Vector Clocks are used in a distributed systems to determine whether pairs of events are causally related. Using Vector Clocks, timestamps are generated for each event in the system, and their causal relationship is determined by comparing those timestamps.
- Use in key-value store like riak, Dynamo
- Enables causality to be captured
- With vector clocks, we assume we know about each participating process
- Suppose there are N processes in the group [1…N]
- Each vector has N elements
- Instead of sending a single timestamp, send a vector of timestamps for each process (Update pairwise)
- Initially, all the clocks are set to zero.
- Each time a process experiences an internal event, it increments its own logical clock in the vector by one.
- Each time for a process to send a message, it must increment its own clock and then send a copy of its own vector.
- Each time a process receives a message,
- It increments its own logical clock in the vector by one
- Updates each element in its vector by taking the maximum value in its own vector clock
Let's think about versioning, ie multiple people editing the same document over time. Your responsibility is to keep the editing history consistent. So for example, if person A edits the doc, and then B edit's A's version, we can say that B's version of the doc is the most up to date since it contains all of A's edits. But if A and B grab the document simultaneously, and then A submits his edit, then B submits his, you'd like to be able to tell that their versions are conflicts (also known as siblings). You would not want to automatically call B's the most up to date, since that would wipe out A's changes, even though B's edit was submitted after A's.
How do we detect conflicts? One method of doing this is to keep parent/child relationships over time. Suppose we start with a document at version 1, and then A makes an edit and submits a new version 1a that contains a reference to 1 as its parent. Then B edits and submits a new version 1b that contains a reference to 1 as its parent. We can tell that 1a and 1b are siblings by walking up the tree and finding a common parent.
Can we do better? Vector clocks approach the problem by keeping around version history as a function of editors rather than documents. So an initial document might start with version { A: 0, B: 0 }, meaning that person A has made no edits, and person B has made no edits. Then, when a person edits a document, they take the vector clock and increment just the counter for their own entry.

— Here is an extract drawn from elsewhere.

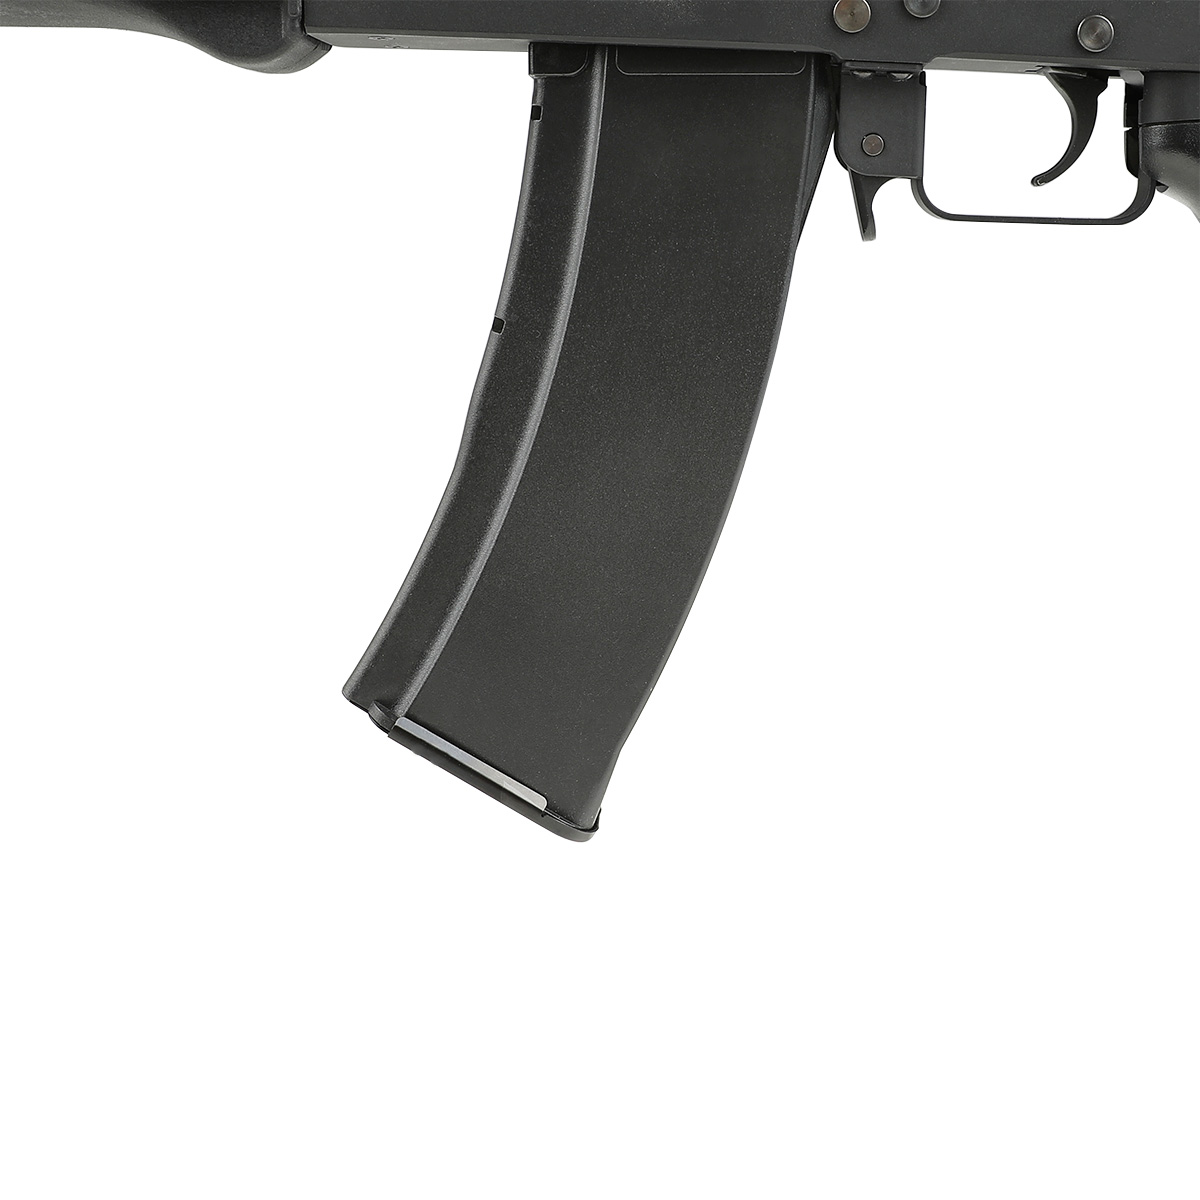 【同梱不可】 SRC AK74M フルメタル電動ガン NV (JP Ver.) 【配送業者:佐川急便限定】

For example, A grabs the doc with version { A: 0, B: 0 }, edits and submits a new document with version { A: 1, B: 0}. B grabs { A: 0, B: 0}, edits and submits a new doc with version { A: 0, B: 1 }.
You can tell that a document X is a direct ancestor (ie, not a sibling) of document Y if the counters for each participant in the vector clock of X is greater than or equal to the vector clock of Y. The vector clock is explicitly tracking the history of people who have edited the document.
You can tell that a document X is a sibling of Y if there exist any participant in X's vector clock who has a counter that is less than his corresponding counter in Y.
The space requirement under this scheme is a function of the number of participants, not the length of the history. That's why you might adopt this strategy over the more obvious one.
Consider two vectors, X and Y:
- If each element of X is <= Y: X causally precedes Y
- If each timestamp in X is >= Y: Y causally precedes X
- Else: X and Y are concurrent
- The main disadvantage of vector clock is that they are not being constant in size.
- The implementation of vector clock need an entry for each site
this page is helpful, but the following statement is incorrect:
X is an ancestor of Y if every element of X is <= that of Y
X is sibling of Y, if there exists an element such that X>Y and an element such that X<Y.